Smart Cities / Buildings
As buildings, cities, conference centers and places of gathering grow increasingly cloud-optimized, those massive quantities of data will have to be hosted on-site to some degree. This will allow for a much more immersive and intelligent experience for inhabitants and visitors, as well as increase stability, safety, and operating efficiency. Things like power and network outages will be a thing of the past.

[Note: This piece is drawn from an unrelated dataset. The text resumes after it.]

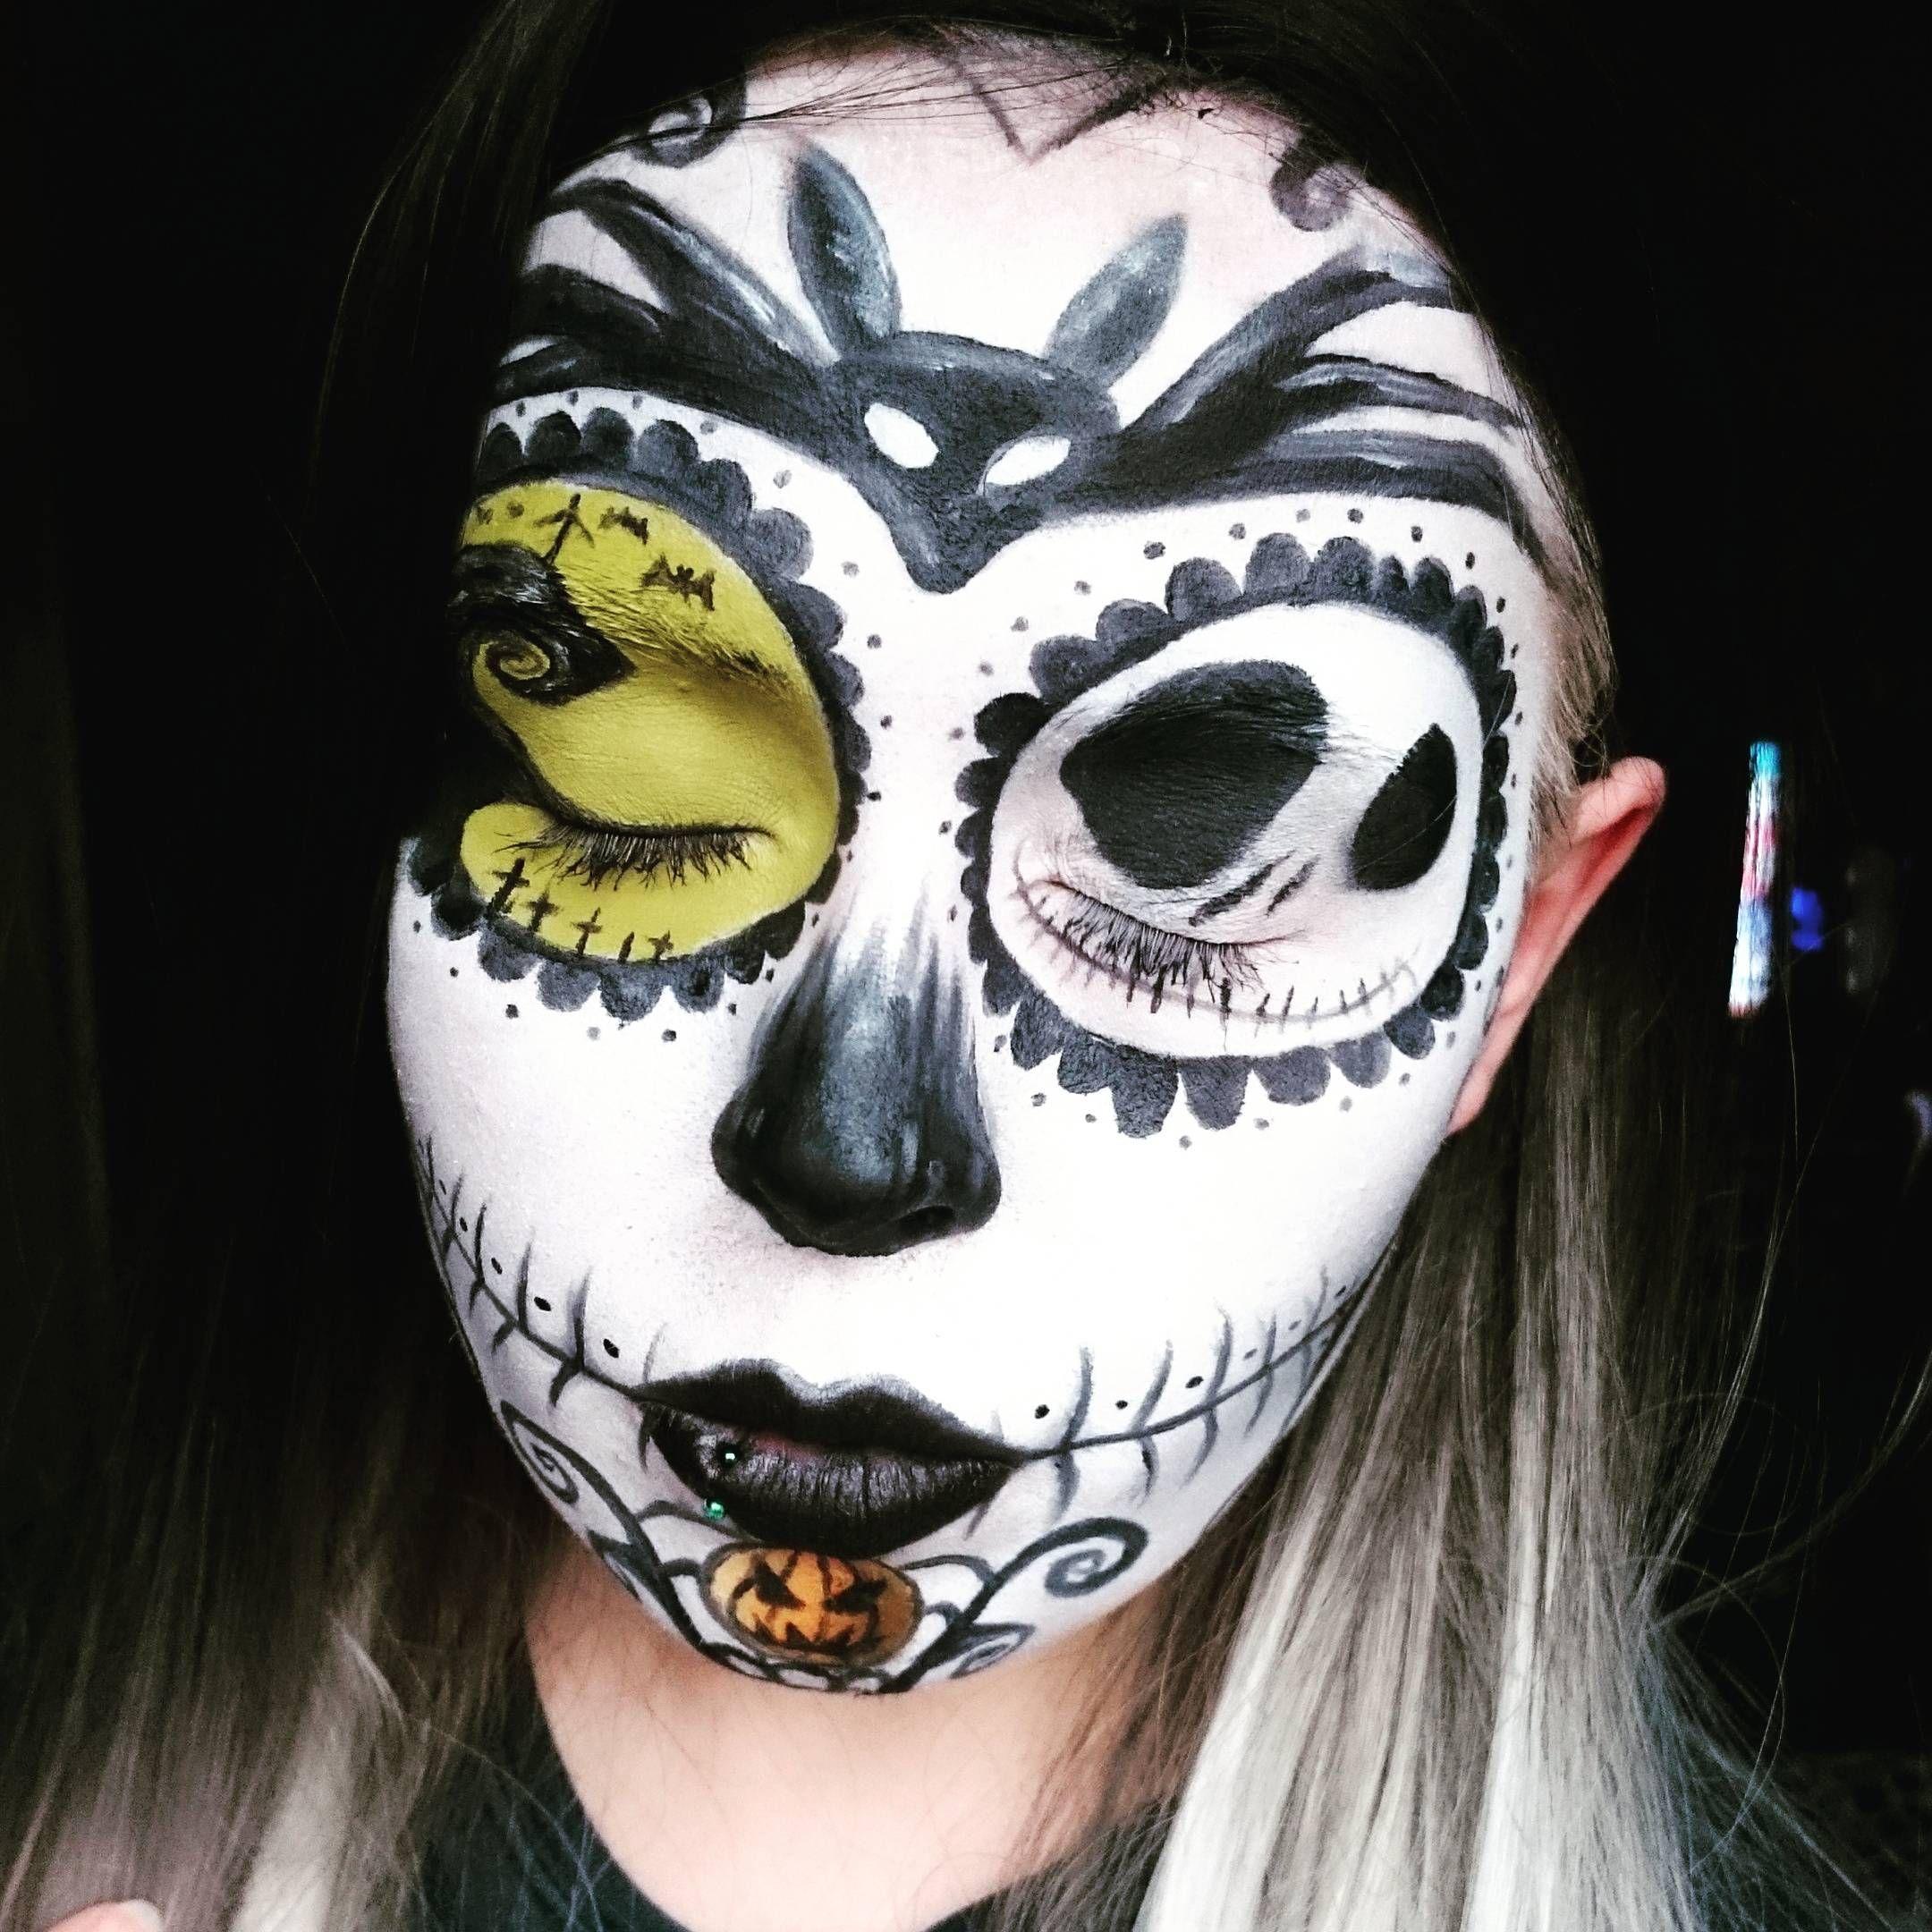 Nightmare before Christmas sugar skull makeup. | Make up | Pinterest ...

As urban areas become mass gathering points for data collection, effectively and fluidly analyzing and storing that data is becoming increasingly labor and network intensive. Having edge data centers at these higher-volume data “pools” will provide public works and emergency services with even more efficient operations and control over surrounding environments. It will also revolutionize how inhabitants carry out day-to-day tasks, as well as the overall design of the urban sprawl.
Autonomous Vehicles
Countless billions of dollars have been thrown into making driverless vehicles along with other improvements through edge computing solutions in the automotive industry. These vehicles will need to gather and process massive quantities of data in real-time to remain safe and effective, such as weather, road conditions, and potential hazards. For that reason, keeping this data stored or accessible as close as possible to major avenues of travel will make these operations significantly more streamlined and efficient.
Healthcare
Healthcare is frequently found to lag behind in adopting current technological advances, let alone experiment with upcoming innovations. However, edge computing offers a world of new opportunities for healthcare operators. Having instant access to live patient data, being able to extrapolate complex problems and develop models for surgeries, all of these things can be made possible and improved upon by edge computing.

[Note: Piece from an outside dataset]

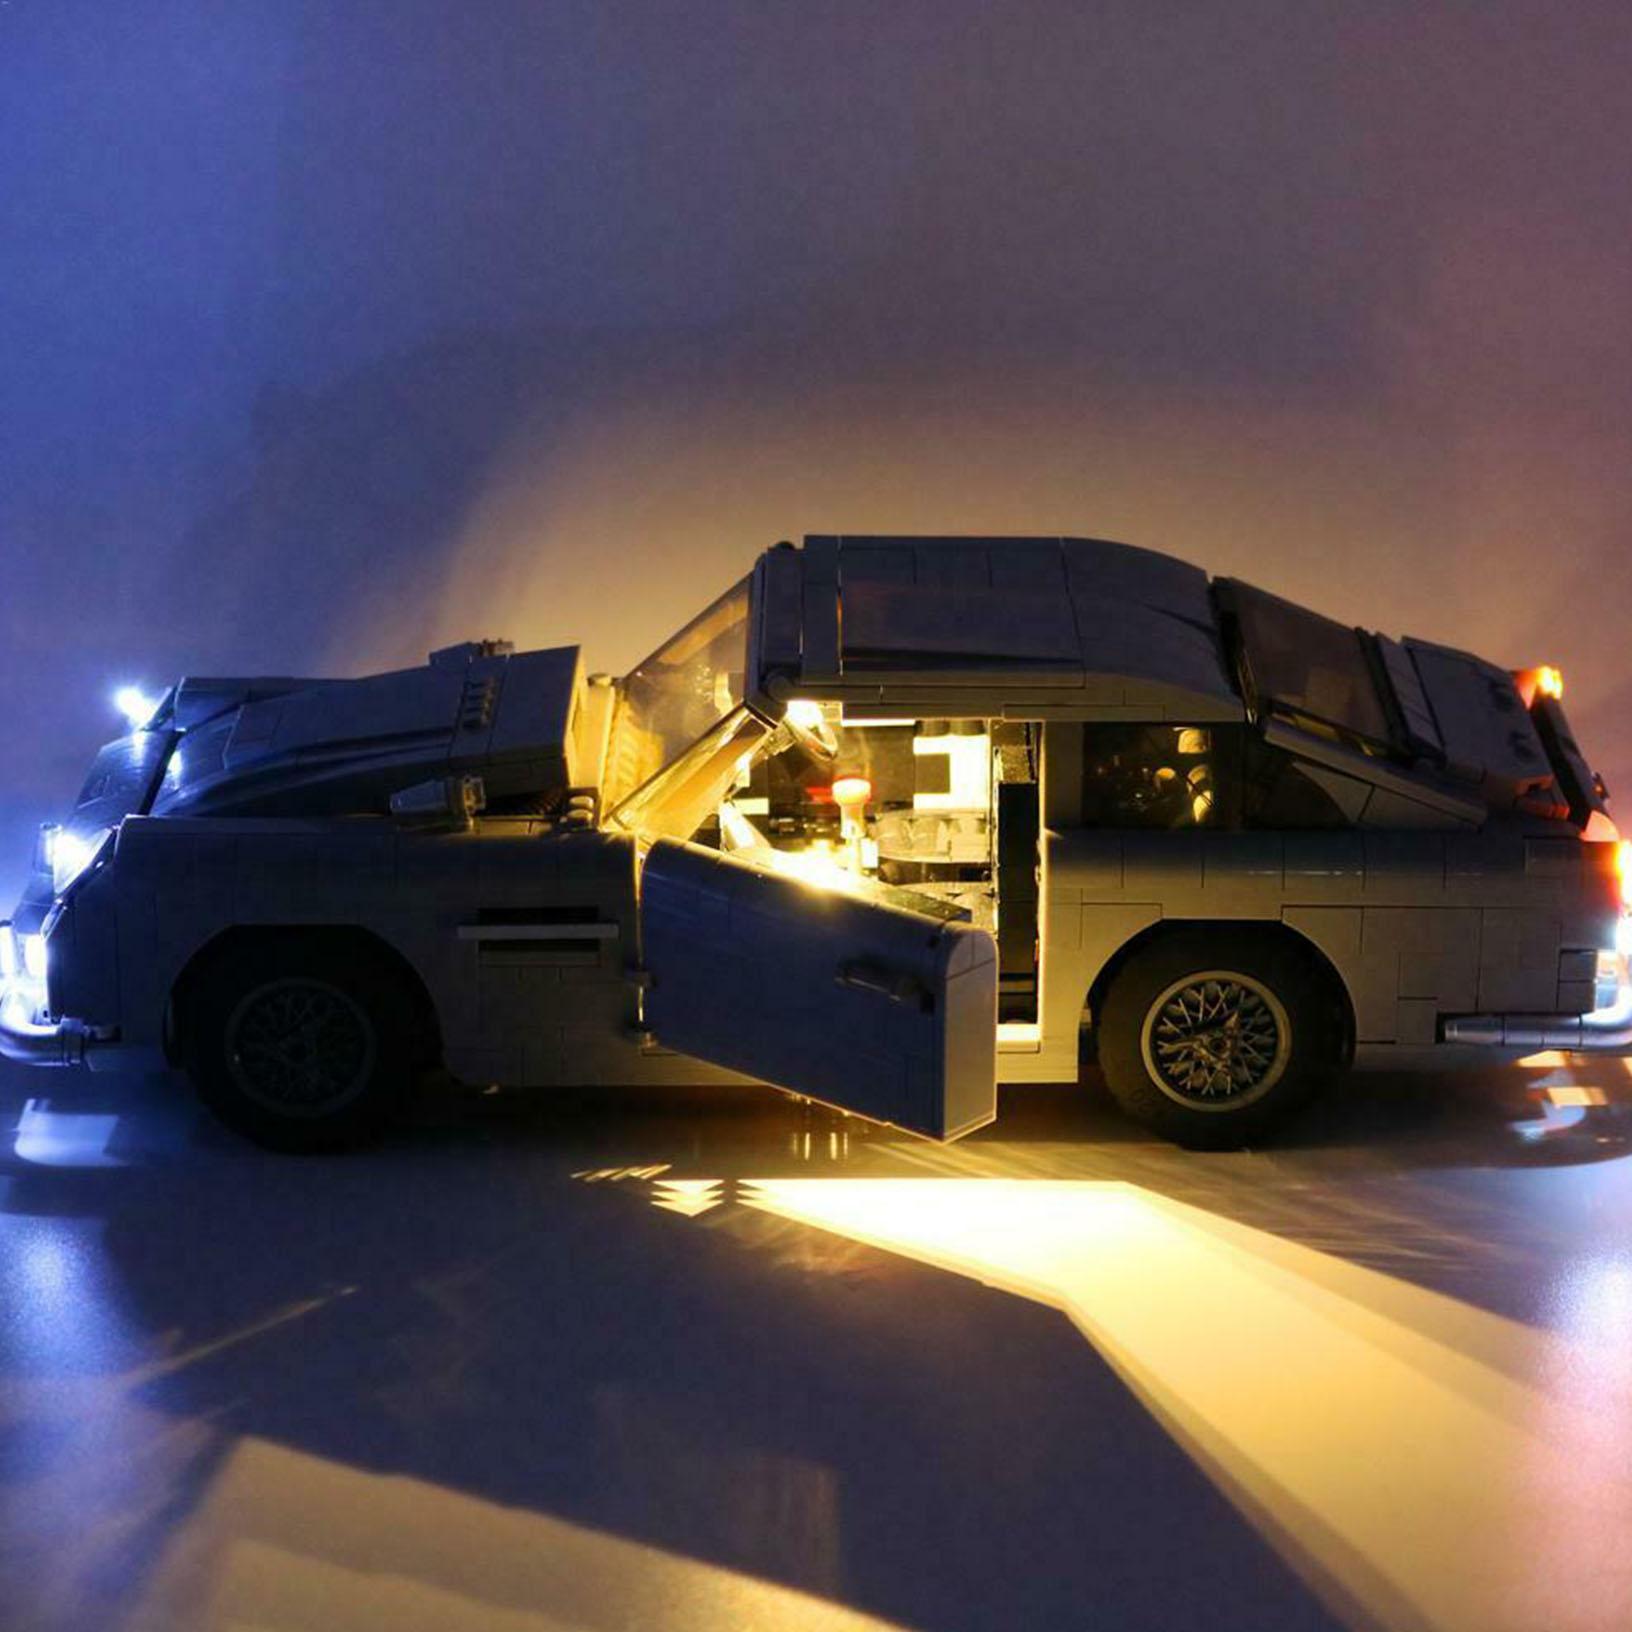 LED Light Kit For 10262 DB5 Creator James Bond lighting bricks A2H9

This is not only relevant for major healthcare centers, but especially for rural, or remote areas who do not have access to these services in more densely-populated areas. Edge data centers can provide those doctors with a patient’s data instantaneously regardless of their location or its origin.
Industry 4.0
Manufacturing is going through a revolution, with hundreds if not thousands of pieces of equipment able to be “smart” and generate performance metrics data. Edge computing will be invaluable in these cases, in order to greatly improve visibility, provide predictive maintenance alerts, and minimize downtime.
Streaming Services
Video streaming constitutes over 80% of global internet traffic, and with the spread of 5G and fiber-optic networks, along with remote business operations, that number will continue to grow. From Netflix to multinational conference calls and innovative cloud-centralized gaming, edge computing brings a wealth of capabilities and improved operations for various streaming services.
Localizing the data needed to access these information and media streams will offer a much more fluid experience for customers and reduce network load and bandwidth costs for providers. A recent study found that a wide deployment of edge data solutions in these instances could save 2-5% of the global electricity consumption by 2030.